The cattleman was going around inquiring about good usin’ geldings to buy. When asked what he meant by that, he spat on the ground (not being unfriendly, just his manner) and said that a usin’ gelding should do his job, love his job, stand when told to stand, move when told to move, be quick enough for cows but quiet enough for the grandkid, and, oh yeah, did he mention do his job? Sound like a familiar horse personality?

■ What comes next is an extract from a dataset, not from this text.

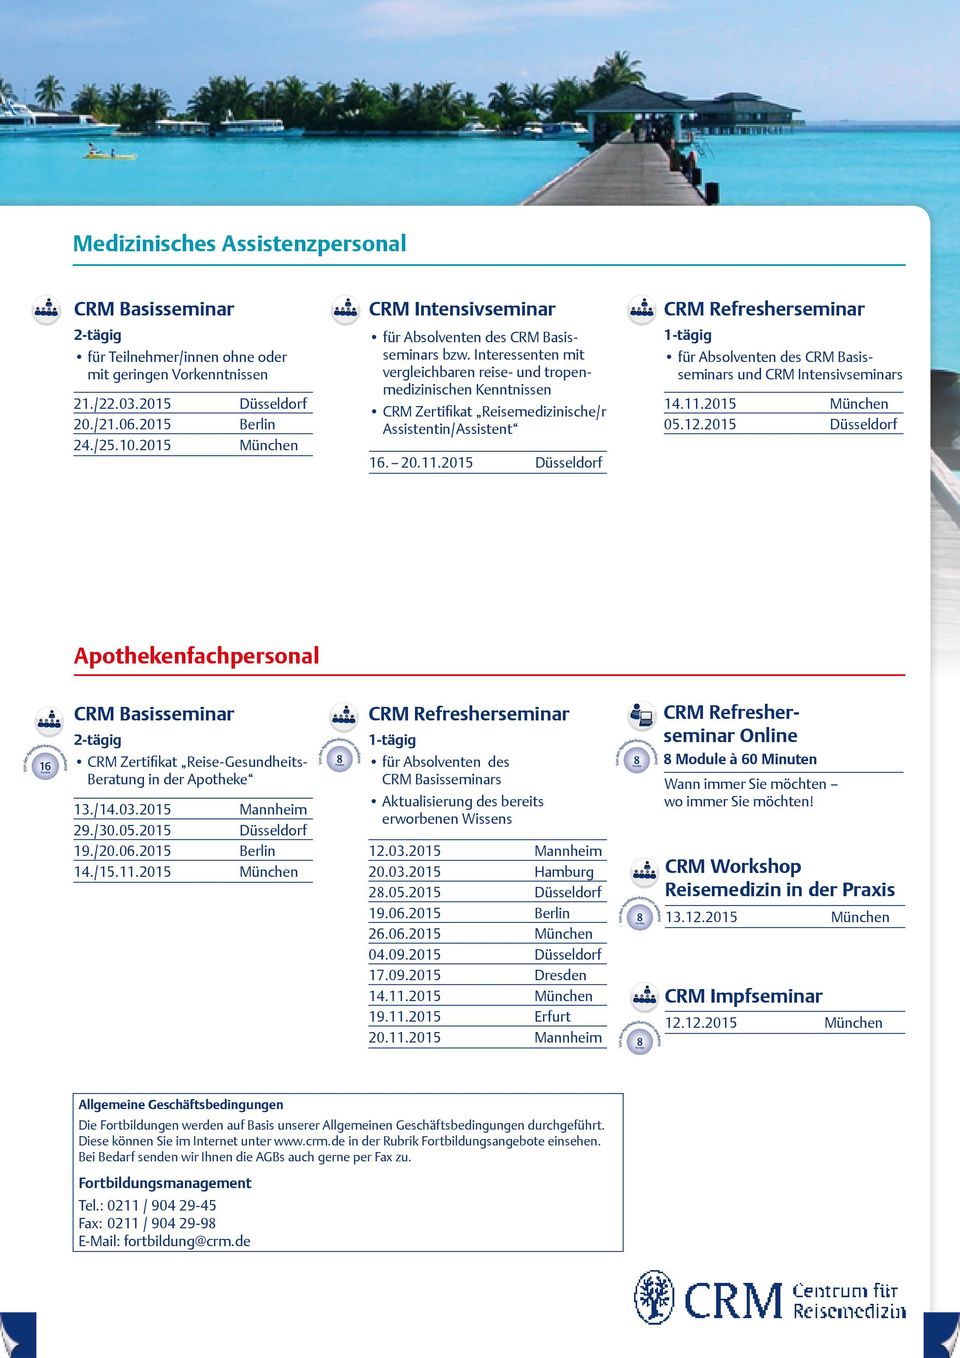 2015 Berlin CRM Zertifikat Reisemedizinische/r Assistentin/Assistent 16. 20.11.2015 für Absolventen des CRM Basisseminars und CRM Intensivseminars 14.11.2015 05.12.

In other words, for a cowboy a good usin’ gelding sounds like a perfect Metal horse. He has to be able to stand up to the rigors of cowboy life, which don’t include a lot of pampering out on the range. Around here, the Metal horse will probably get plenty of hay and maybe a salt block, but not much else. Tack will fit probably pretty well (a lot of people use slick-fork saddles around here, which seem to fit more horses) and be in decent but not great repair. The horse will work long, long hours and be expected to walk, trot, lope, and run all-out over all kinds of terrain. The horse will also need to be a good rope horse and drag the most belligerent animal anywhere (dead or alive). That’s a perfect job description for the Metal horse personality.

Surprisingly, these cowboys don’t care much what the horse looks like. Function matters far more than form. They will choose an “ugly” hammerheaded mustang or grade gelding with stout legs and a fabulous attitude over a pretty hothouse flower. When it comes to horse personality, most cowboys choose Metal types. Only the Metal horse seems to withstand the rigors of cowboy life and not need the personal attention that many of the other personality types need. In fact, at the end of the day both cowboy and Metal horse are pleased to part company and be left alone. The Metal horse LOVES to be left alone when he’s not working, perfect for the working cowboy who has to see to other tasks.

Anyway, an interesting conversation about “usin’ geldings” led to this stream of thoughts about Metal horses!